FORTUNE — “Come to Silicon Valley.”

That was the message that J.P. Morgan Chase’s (JPM) head of Internet and digital media banking, Noah Wintroub, kept sending James Lee, the bank’s vice chairman who hadn’t visited since before the 2008 financial crisis. He wanted Lee to see that Facebook (FB) was just the tip of the opportunity iceberg, with dozens of maturing tech startups that could benefit from the bank’s creativity and balance sheet.

So Lee hopped a plane earlier this year, and was amazed by what he saw.

“Historically these companies finance themselves via venture capital and maybe a little bit of bank debt,” Lee explains, in an exclusive interview with Fortune. “But at some stage they don’t want more bank debt and they don’t want additional dilution. So their only real option was to go public, which they may not yet feel ready to do.”

So Lee sat down and began to develop what he refers to as a “high-tech version of mezzanine finance.” It’s a trademarked debt product called an SPL, which stands for “Stay Private Longer.” Each security is customized to the specific issuer, but generally is a combination of a cash-pay coupon and a payment-in-kind (PIK) note, usually with an emphasis on the latter (since few private tech companies can afford high cash-pay coupons).

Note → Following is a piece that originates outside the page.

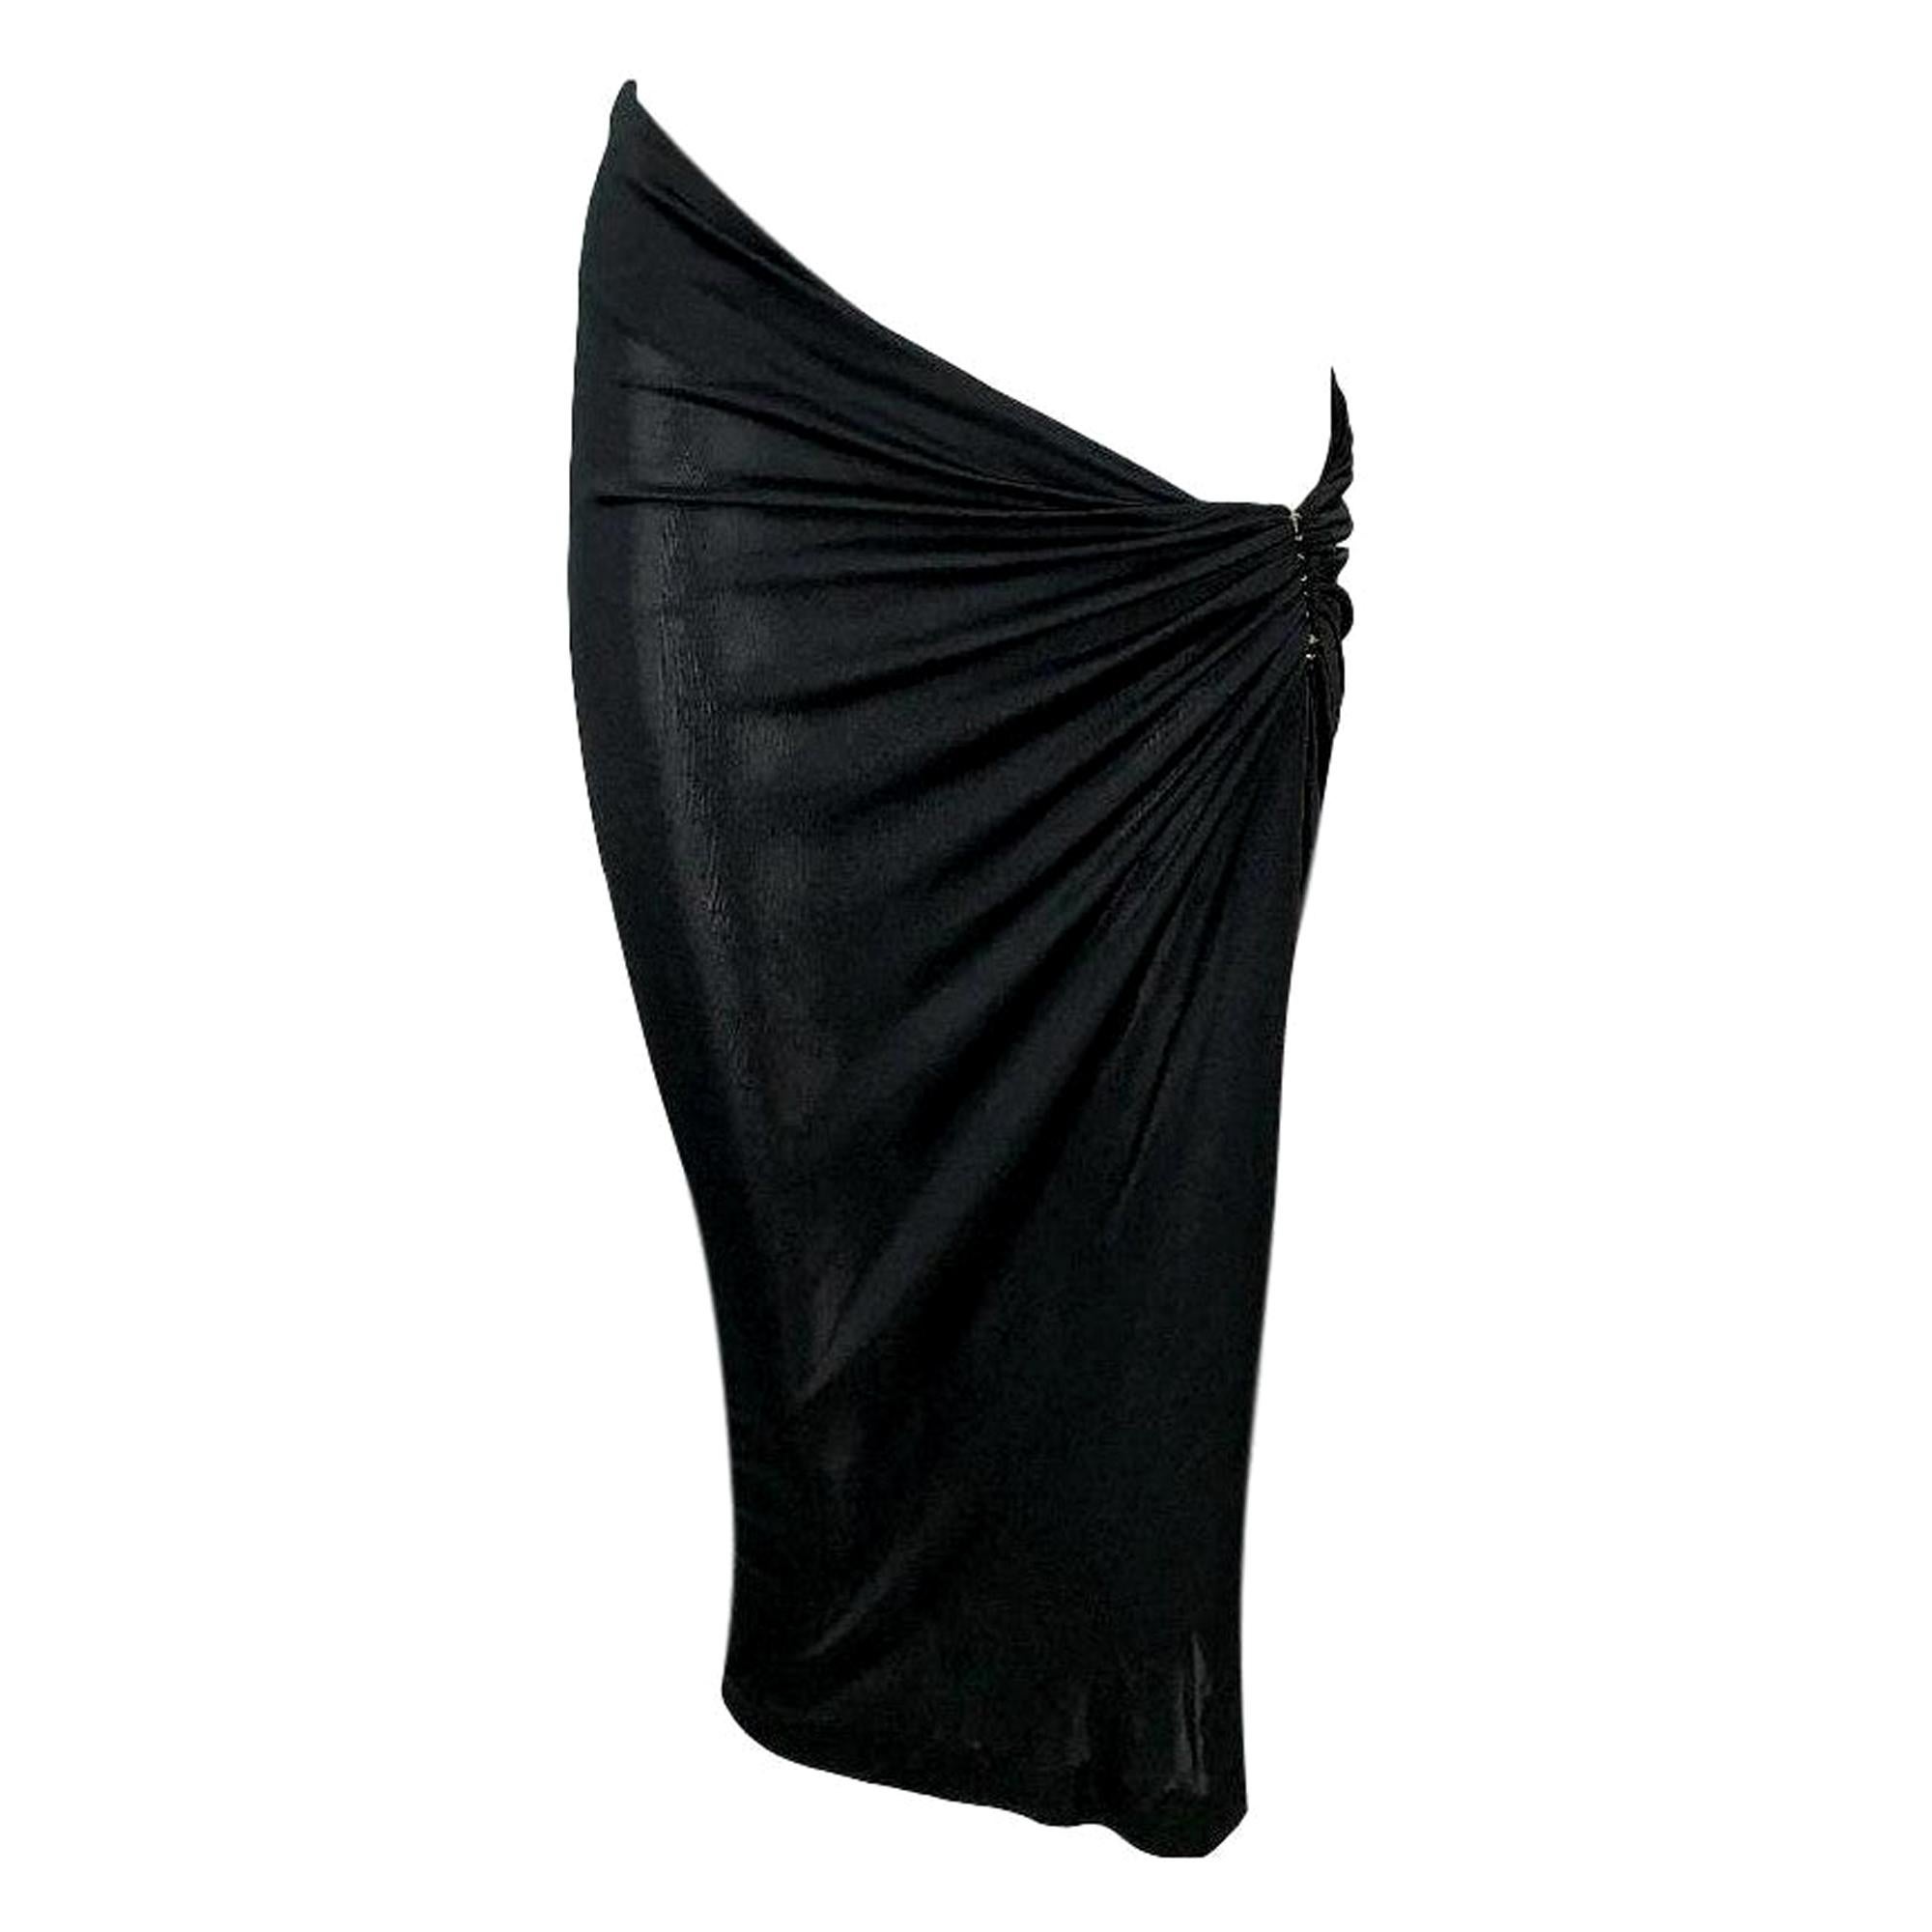 C 2001 Yves Saint Laurent Tom Ford Sheer Black Ultra Low Rise Asymmetrical Skirt

RELATED: Jawbone raises more than $100 million

The first company to use one was SurveyMonkey, as part of its $800 million debt and equity recap earlier this year. The second is consumer electronics startup Jawbone, which has quietly raised $93 million. The Jawbone deal includes $43 million from Silver Lake (via its Waterman platform) and Fortress Investment Group (FIG), plus up to $50 million in asset-backed financing from JPMorgan and Wells Fargo.

To be sure, this is small money for J.P. Morgan — whether it be syndication fees or actual investment. But the ultimate payoff could be huge.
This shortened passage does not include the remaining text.